For single-end ChIP/CUT&RUN data, be sure to set paired: False in the ChIPconfig.yaml file and modify the ChIPsamplesheetSE.txt file accordingly.
Both baseline and merged workflows output peak calls, a count matrix, alignments, and signal tracks.

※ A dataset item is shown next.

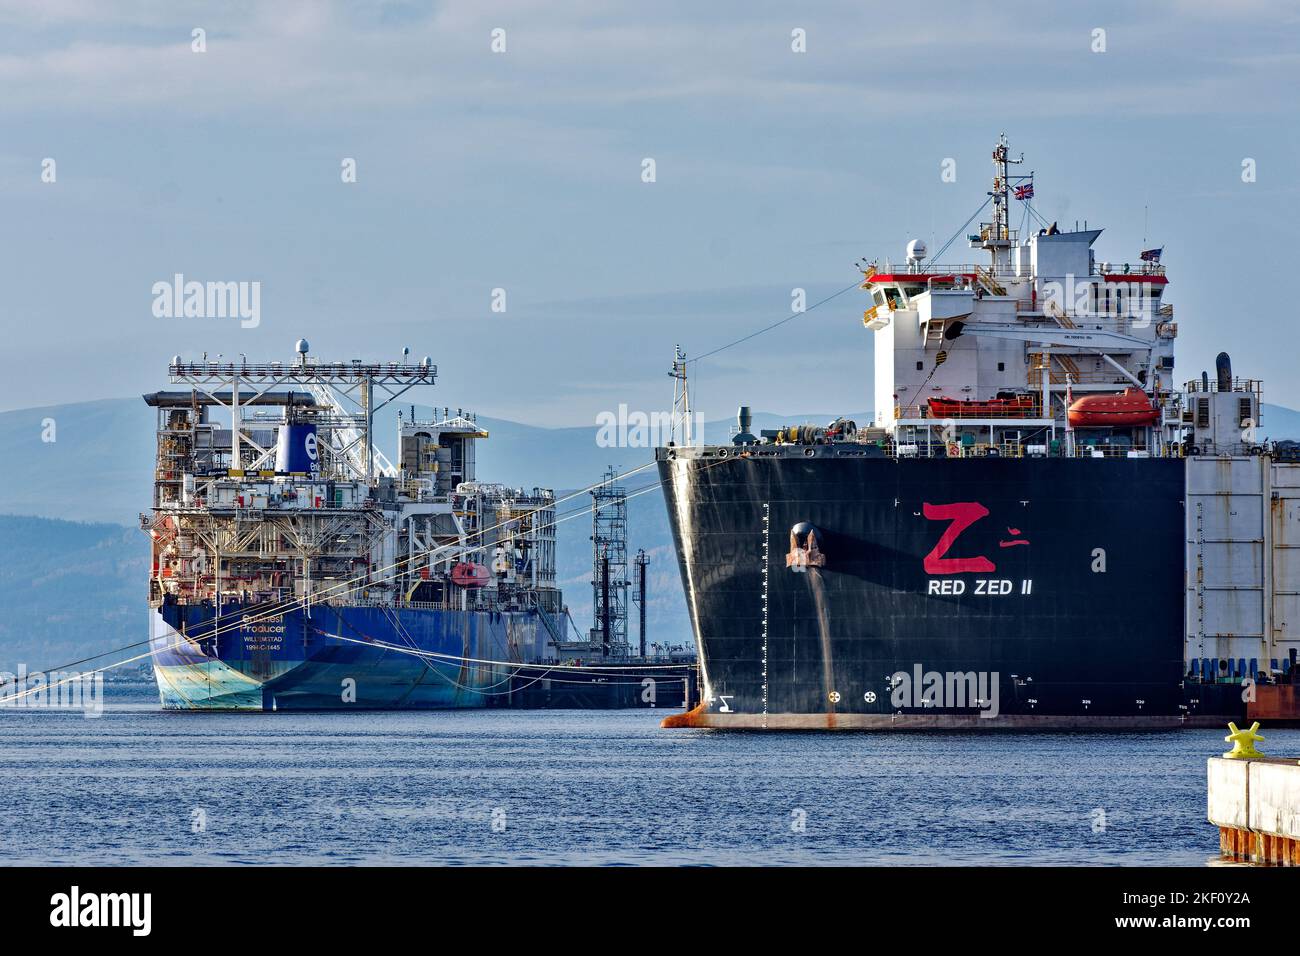 Cromarty Firth Scotland vessels Enquest Producer and Red Zed II moored at Nigg Stock Photo

Both workflows generate a final summary peakCounts.tsv file containing the counts from each individual alignment at the merged set of peaks.The ChIPpipeMerged and ATACpipeMerged workflows call peaks from merged alignments, rather than individual alignments, based on the ChIPconfig.yaml and ATACconfig.yaml files.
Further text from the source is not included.